I've just read this article, and I'm confused.
Let's imagine 1 webapp and 1 distinct application acting as "worker", both sharing the same database.
Oh, I said "sharing"..but what does the article warns about? :
Fourthly, sharing a database between applications (or services) is a bad thing. It’s just too tempting to put amorphous shared state in there and before you know it you’ll have a hugely coupled monster.
=> disagree. There are some cases where distinct applications still be part of the same unit, and therefore, notion of "coupling issue" makes no sense in this case.
Let's continue: The webapp handles client HTTP requests and may update at any time some aggregates (DDD term), generating the corresponding domain events.

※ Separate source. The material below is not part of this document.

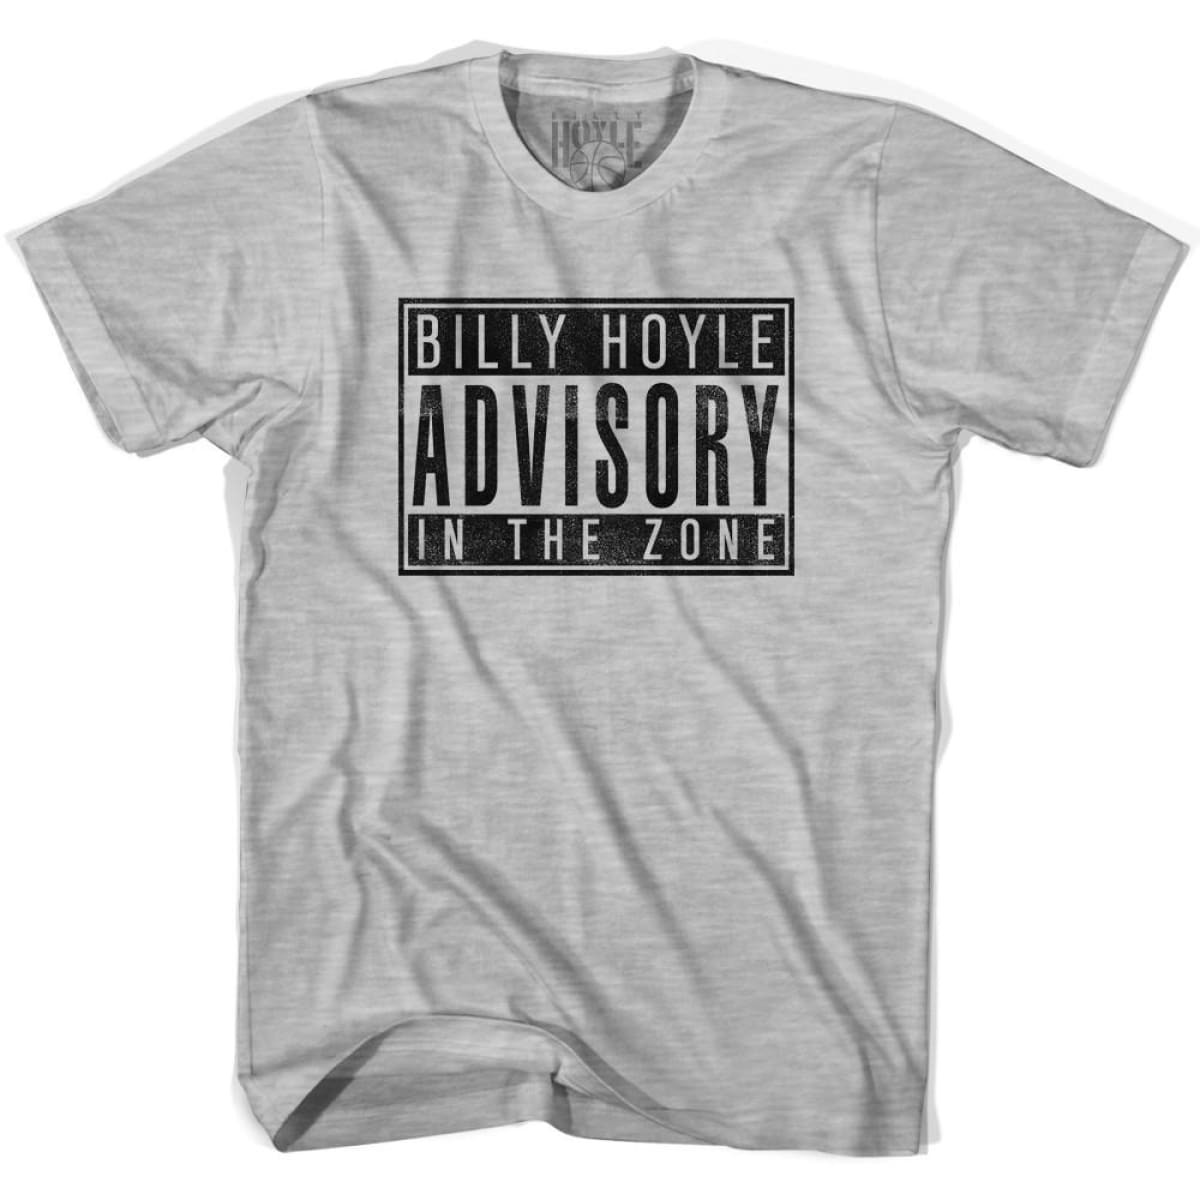 Image of Billy Hoyle Advisory In The Zone Basketball T-shirt - Grey Heather

The goal of the worker would be to handle those domain events by processing the needed jobs.
The point is:
How should events data be passed to the worker?
The first solution, as the read article promotes, would be to use RabbitMQ, being a great message-oriented middleware.
The workflow would be simple:
Any time the web dyno generates an event, it publishes it through RabbitMQ, which feeds the worker.
The drawback would be that nothing guarantees the immediate consistency between the commit of the aggregate update and the publishing of the event, without dealing with the potential sending failures... or hardware issues; that is another main issue.
Example: It would be possible that an event was published without a success of the aggregate update...resulting in an event representing a false representation of the domain model.
You could argue that global XA (two-phase commit) exists, but it's not a solution that fits all databases or middlewares.
So what could be a good solution to ensure this immediate consistency? :
IMO, storing the event in database, in the same local transaction as the aggregate update.
A simple asynchronous scheduler would be created and responsible of querying current unpublished events from database and send them to RabbitMQ, which in turn populates the worker.
But why needing an extra scheduler in webapp side and by the way: why needing RabbitMQ in this case?
By this solution, it appears logically, that the RabbitMQ could be unnecessary, especially because the database is shared.
Indeed, whatever the case, we saw that the immediate consistency involves a polling from database.
Thus, why wouldn't worker be responsible directly for this polling?
Therefore, I wonder why so many articles on the web criticizes hardly database queuing, while promoting message-oriented middleware.
Excerpt of the article:
Simple, use the right tool for the job: this scenario is crying out for a messaging system. It solves all the problems described above; no more polling, efficient message delivery, no need to clear completed messages from queues, and no shared state.
And immediate consistency, ignored ?
To sum up, it really seems that whatever the case is, meaning database shared or not, we need database polling.
Did I miss some critical notions?
Thanks